Peak power has increased by a considerable 88kW beyond that of the 911 Turbo S at 515kW, endowing the new 911 GT2 RS with 59kW more than its twin-turbocharged 3.6-litre flat six powered predecessor launched back in 2010 and a weight-to-power ratio of 2.9kg per kW in standard trim. Torque, meanwhile, remains the same as the 911 Turbo S at 750Nm, or some 50Nm more than the previous 1370kg 911 GT2 RS.
The heady reserves are channelled to 21-inch rear wheels wearing the same 325/30 dimensioned tires as those seen on the earlier 911 GT3 RS via a revised version of Porsche's ZF-sourced seven-speed dual clutch gearbox – the Porsche Doppelkupplung as it is known by its German title – and mechanical locking differential. Described as a custom component, the gearbox receives new ratios and revised final drive among other changes to take full advantage of the increased power and torque.

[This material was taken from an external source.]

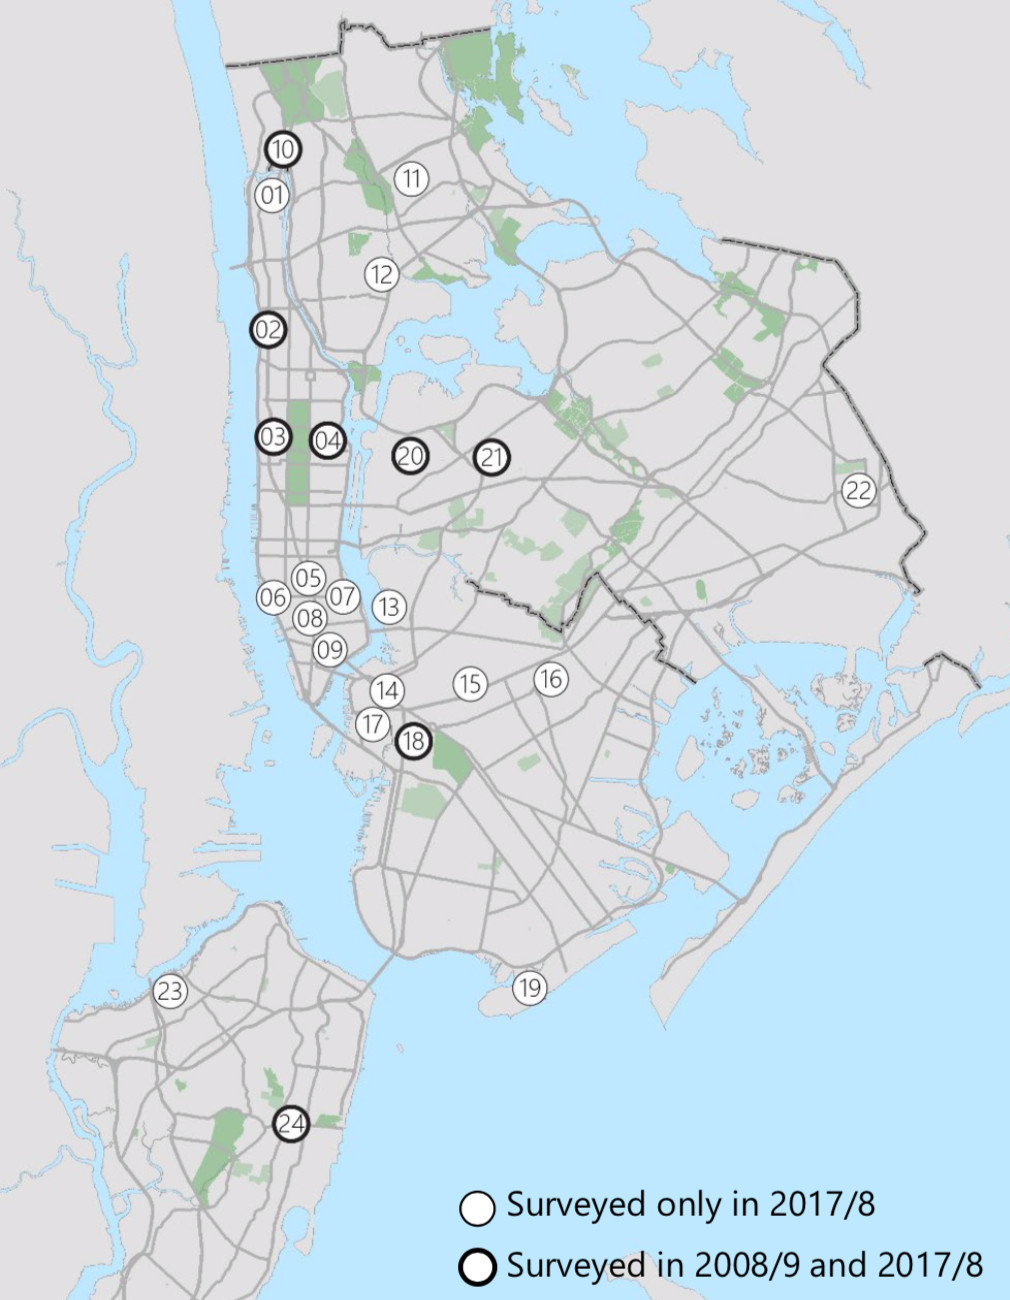 A map of New York City with numbered circles highlighting the neighborhoods studied by the city.

Porsche's Motorsport division, which is responsible for the engineering of the new car, claims a 0-100km/h time of 2.8sec, placing the new 911 GT2 RS comfortably ahead of its predecessor, which boasted a time of 3.5sec, on pure straight line accelerative ability. It's also 0.2sec inside the time quoted for the four-wheel drive 652kW petrol-electric powered 918 Spyder.
Porsche has yet to reveal the full technical specification of its new range topping 911 model but confirms it retains the four-wheel steering system from the 911 Turbo and comes as standard with carbon-ceramic brakes. It also runs the same sized wheels and tyres as the 911 GT3 RS, with 20-inch centre locking rims up front shod with 265/35 tyres and 21-inch wheels at the rear with 325/30 profile rubber. Also included is a uniquely calibrated stability management system, with a sport mode describes as being "tailored to provide optimal driving dynamics".
Inside, the 911 GT2 RS serves up a combination of black leather and red Alcantara upholstery as well as carbon-fibre trim elements. A sport steering wheel with paddle shifts is allied to carbon-fibre backed race-grade seats. Among the standard equipment is a Porsche Communication Management system, which groups the infotainment functions, including a Porsche Track precision app, into a central touch screen based unit.
An optional Chrono Package expands the Porsche Communication Management function to include a performance display, which can be used to display, save and record track times.
To commemorate the launch of the new 911 GT2 RS, Porsche Motorsport has teamed up with Porsche Design on the development of a new chronograph watch, which will be offered exclusively to customers of the new 911 model.